/---
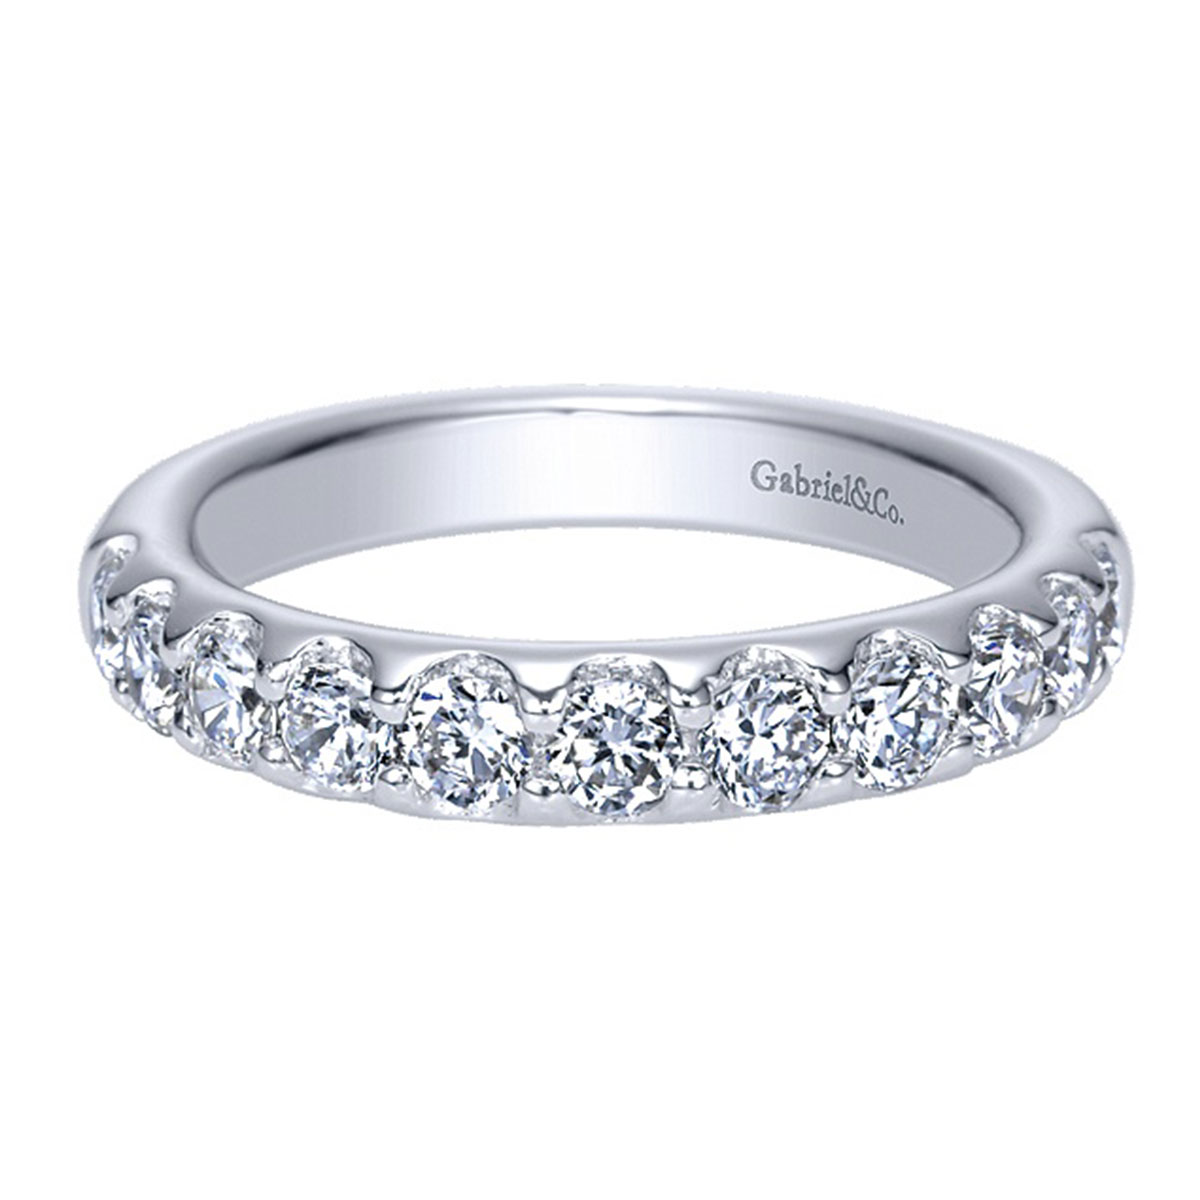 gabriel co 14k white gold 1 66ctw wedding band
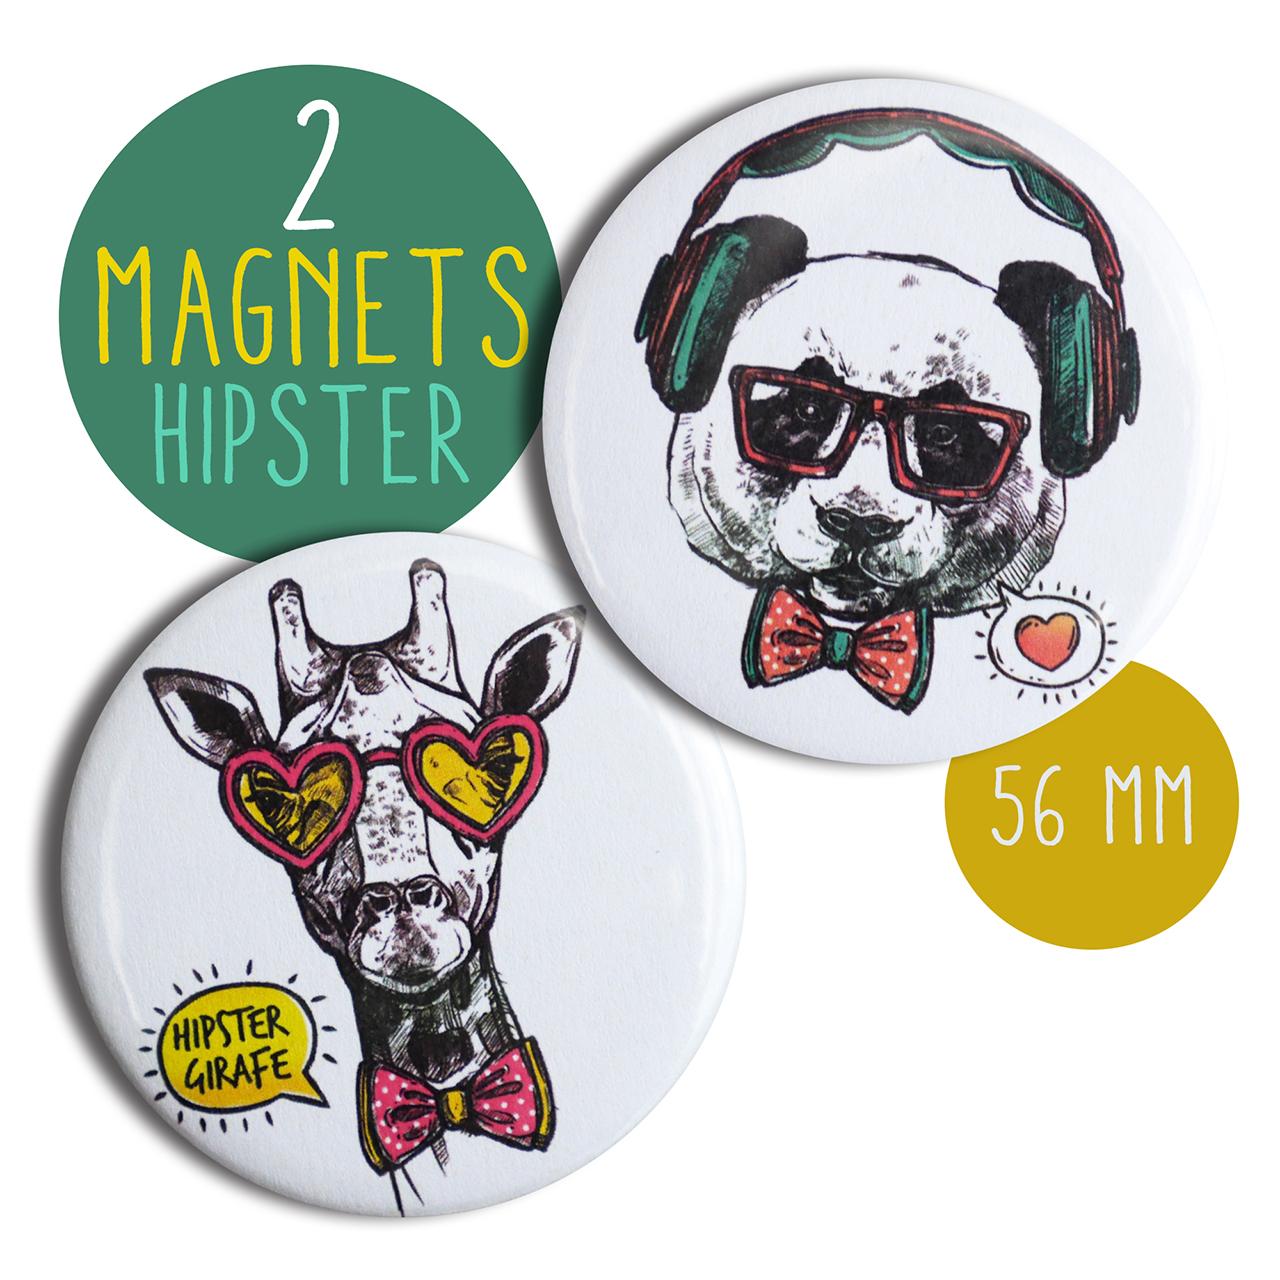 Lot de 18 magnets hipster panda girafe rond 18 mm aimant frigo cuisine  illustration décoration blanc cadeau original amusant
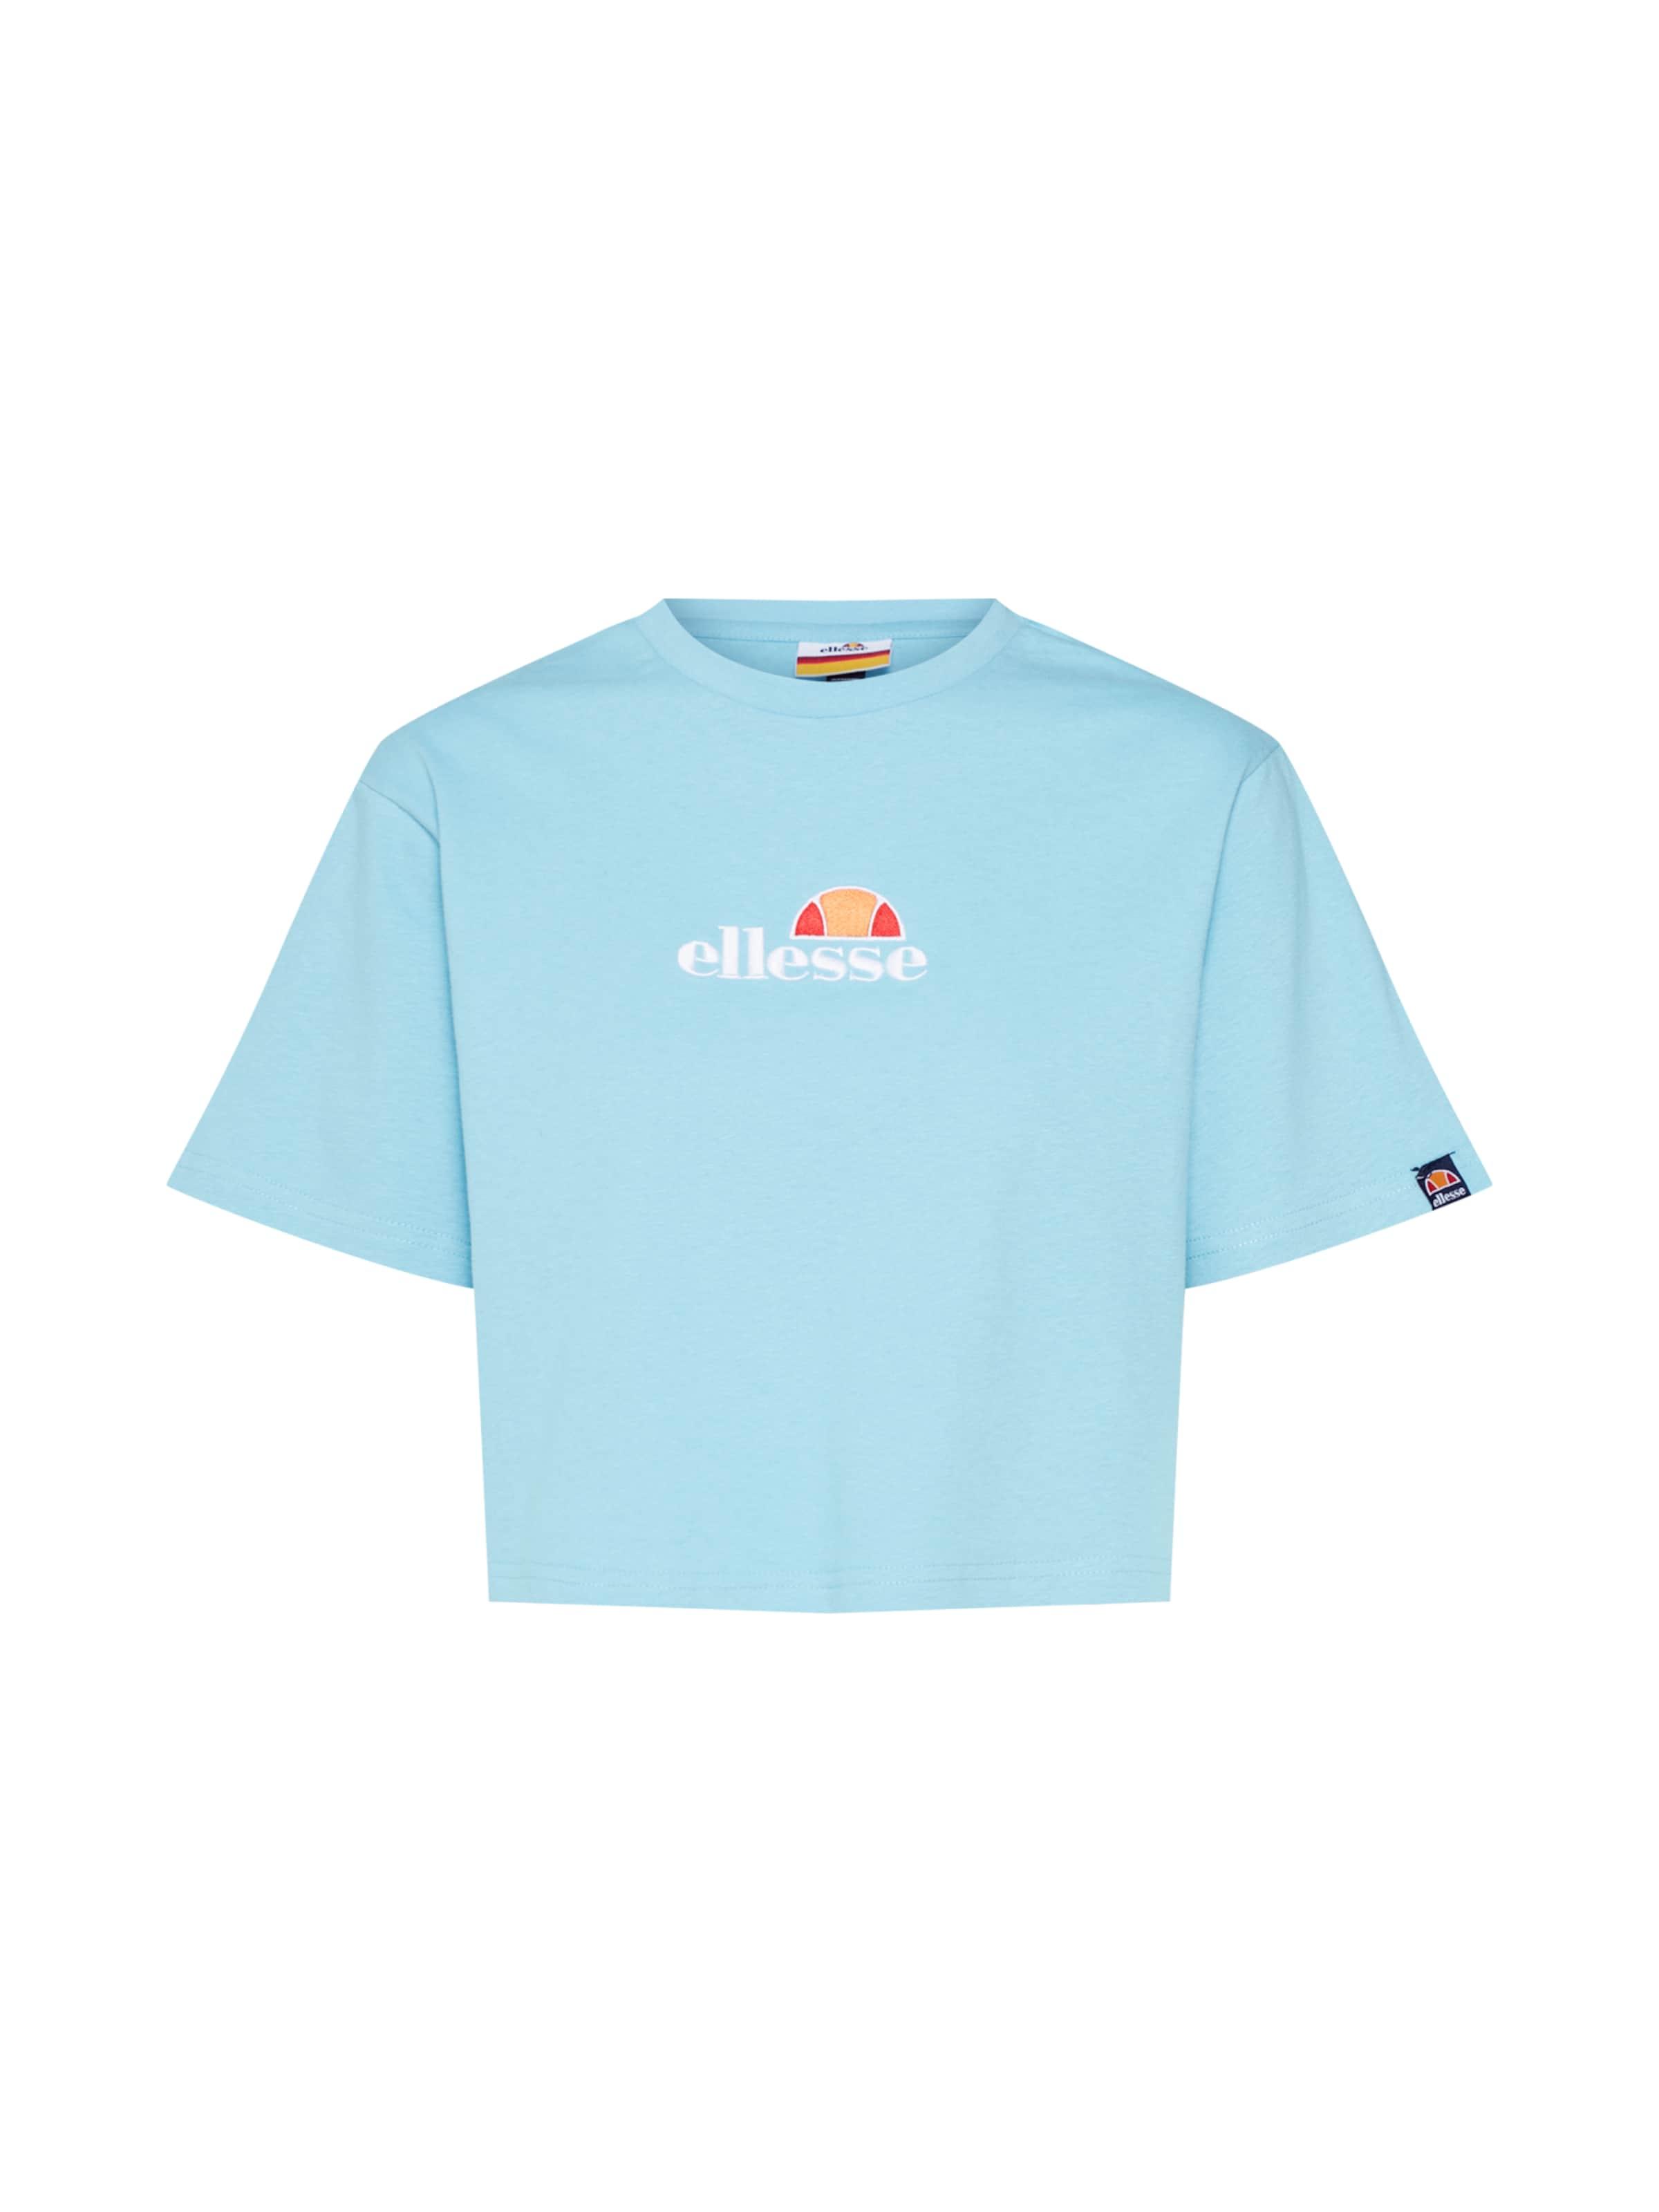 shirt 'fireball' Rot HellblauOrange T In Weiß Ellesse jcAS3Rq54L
\---
What is needed:
In copying the listing, reproduce each line exactly and omit the pictures.

Your response:
 gabriel co 14k white gold 1 66ctw wedding band
 Lot de 18 magnets hipster panda girafe rond 18 mm aimant frigo cuisine  illustration décoration blanc cadeau original amusant
 shirt 'fireball' Rot HellblauOrange T In Weiß Ellesse jcAS3Rq54L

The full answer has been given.